(THE DATA)

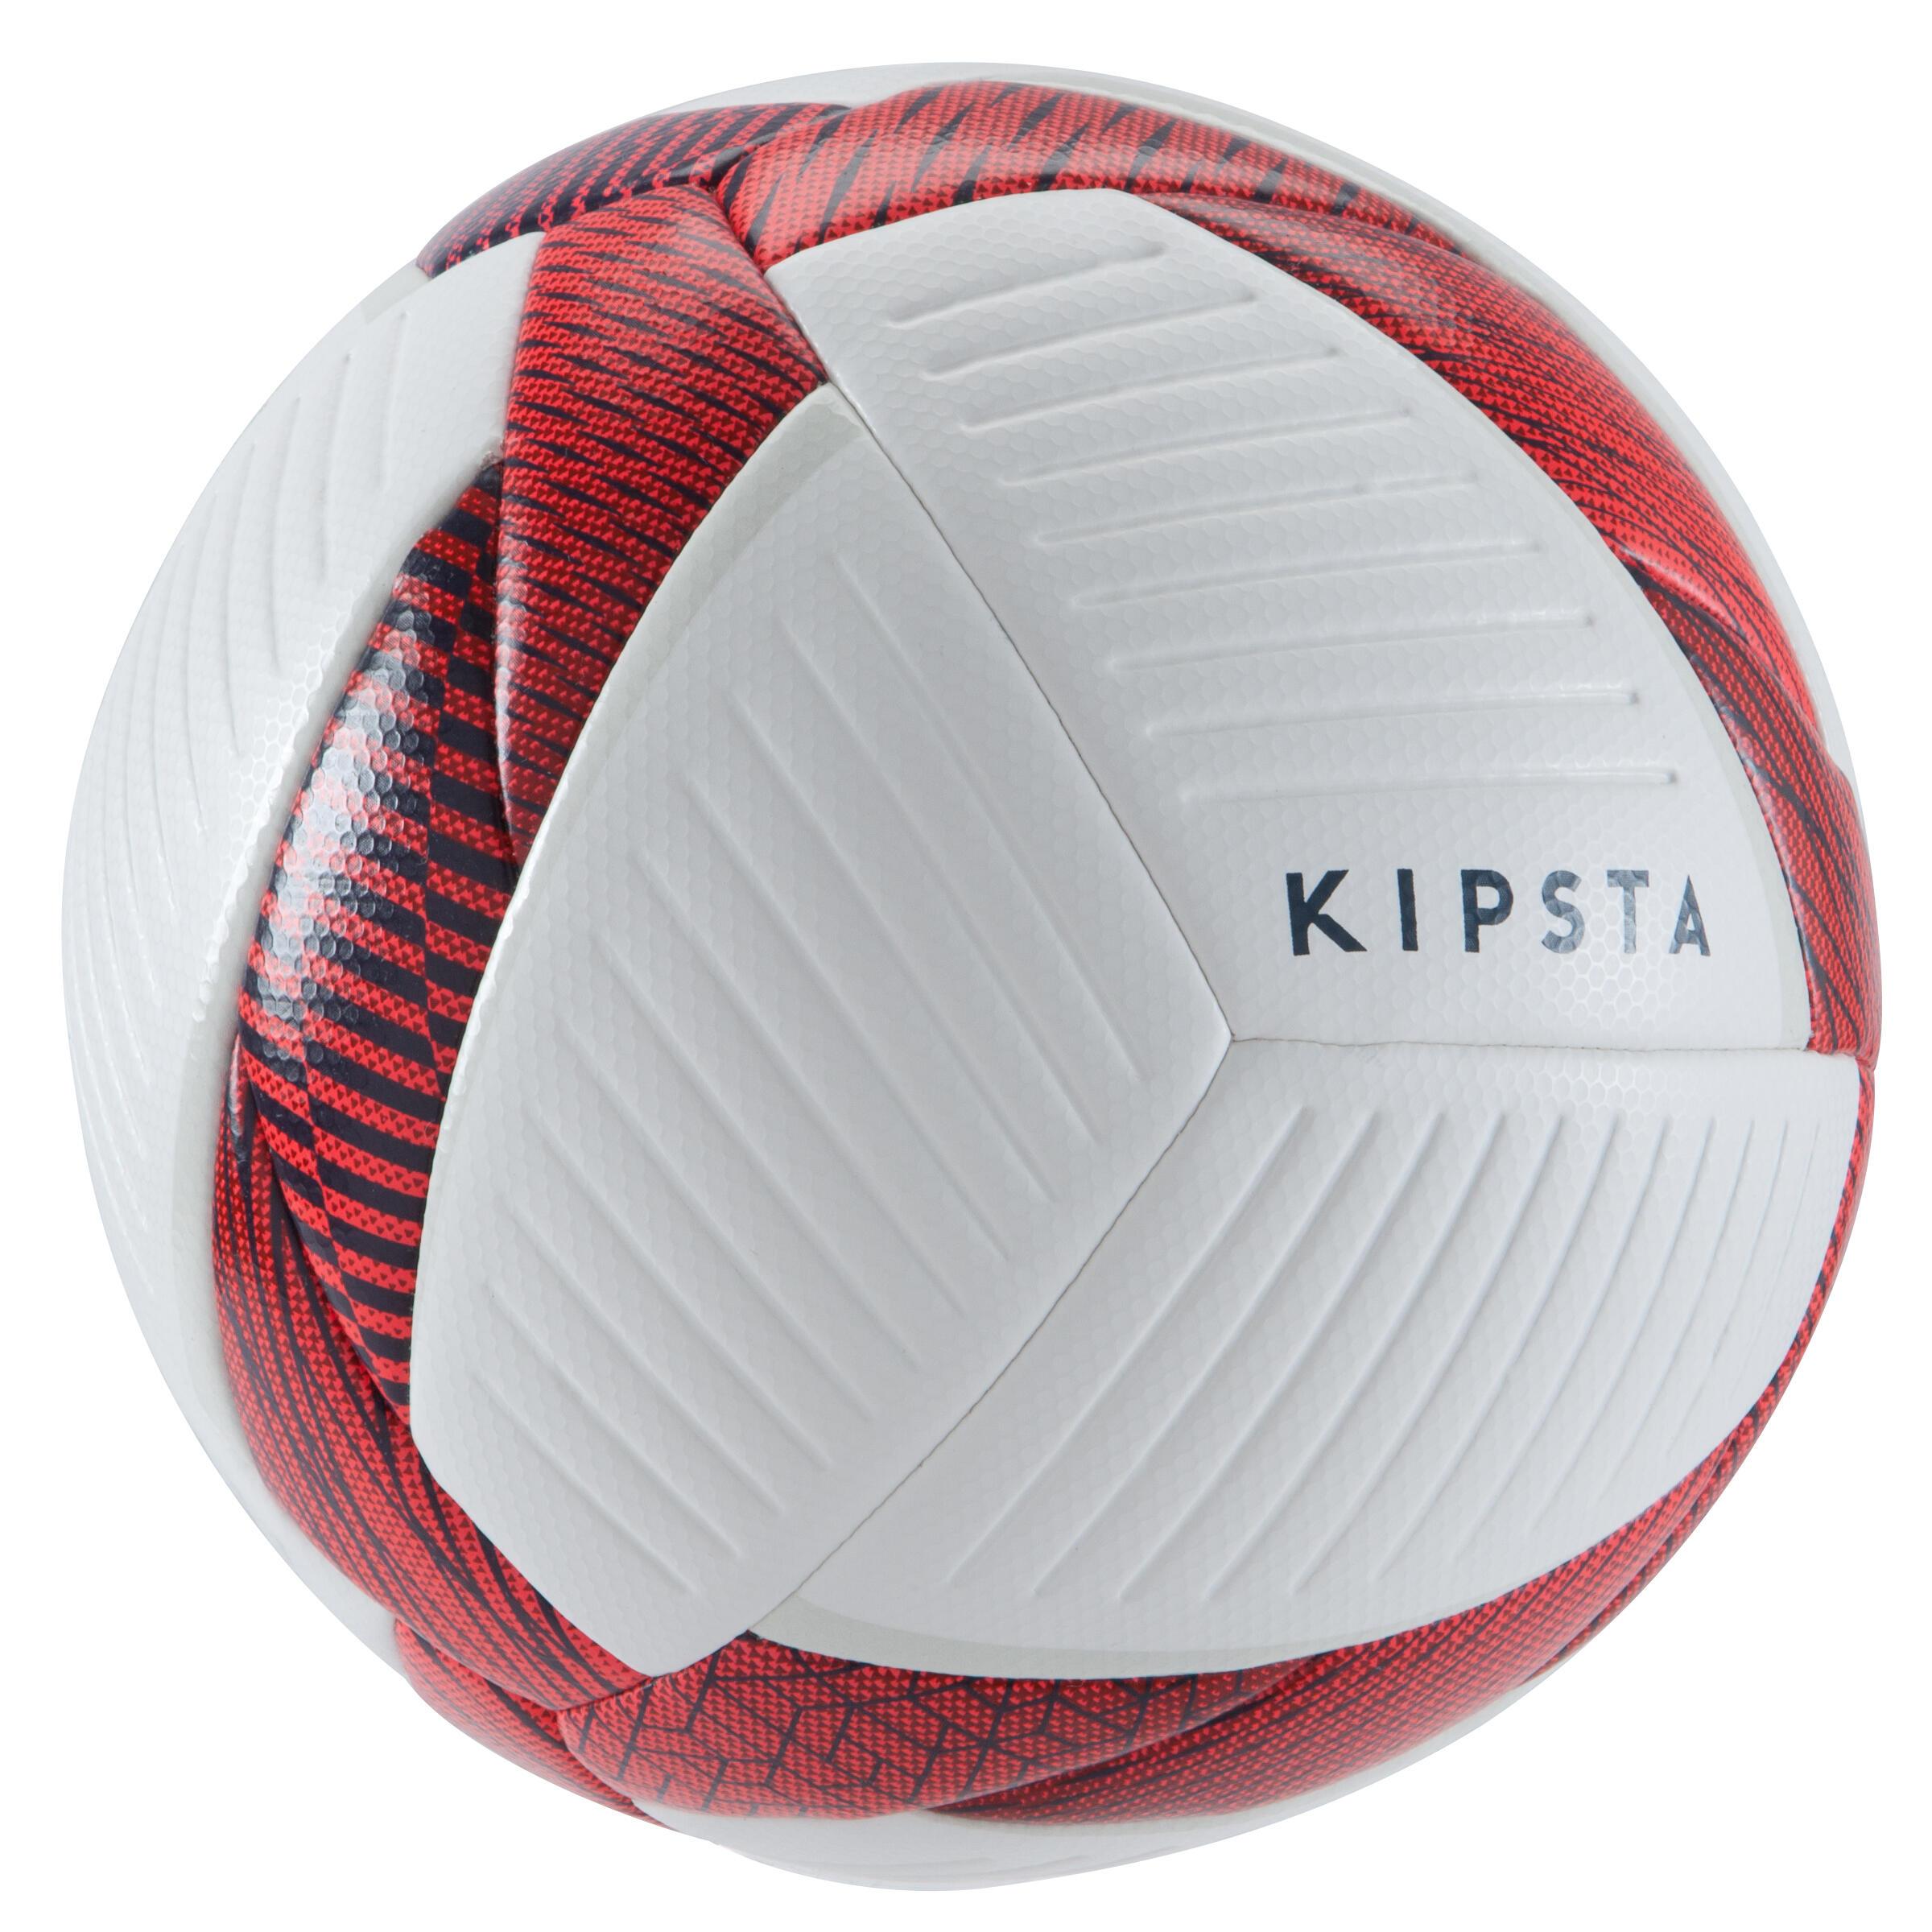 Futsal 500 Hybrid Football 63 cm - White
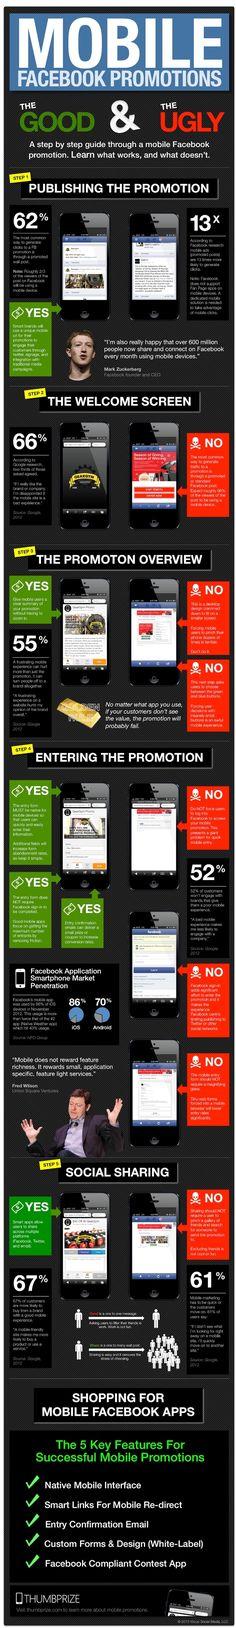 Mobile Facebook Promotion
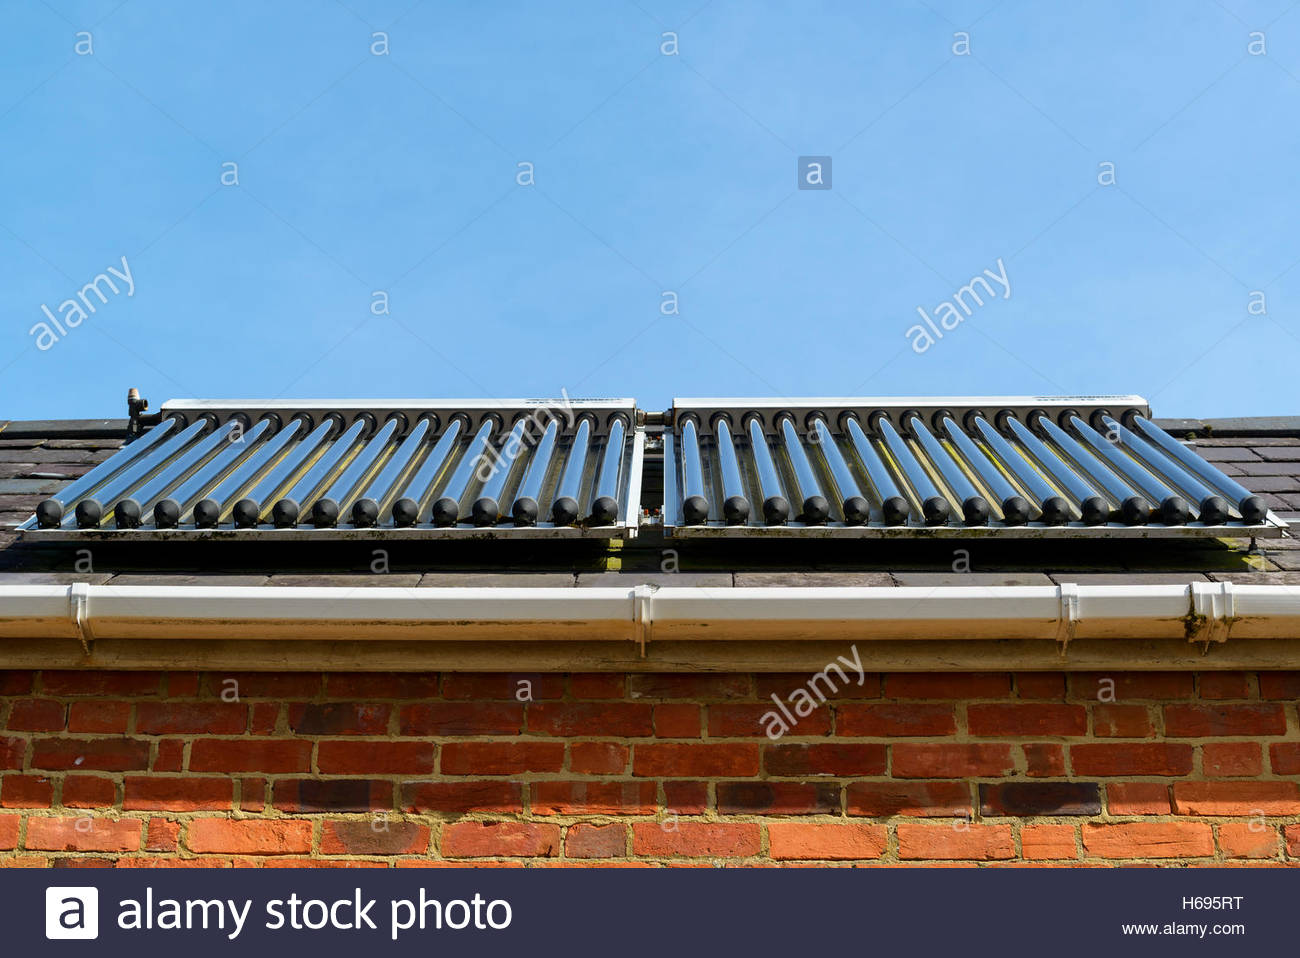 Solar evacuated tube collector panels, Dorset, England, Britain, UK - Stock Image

(End THE DATA)

__TASK PROMPT__: The result should be the listing above, restated exactly, with no pictures in it.

__RESPONSE TO THE EXERCISE__:
 Futsal 500 Hybrid Football 63 cm - White
 Mobile Facebook Promotion
 Solar evacuated tube collector panels, Dorset, England, Britain, UK - Stock Image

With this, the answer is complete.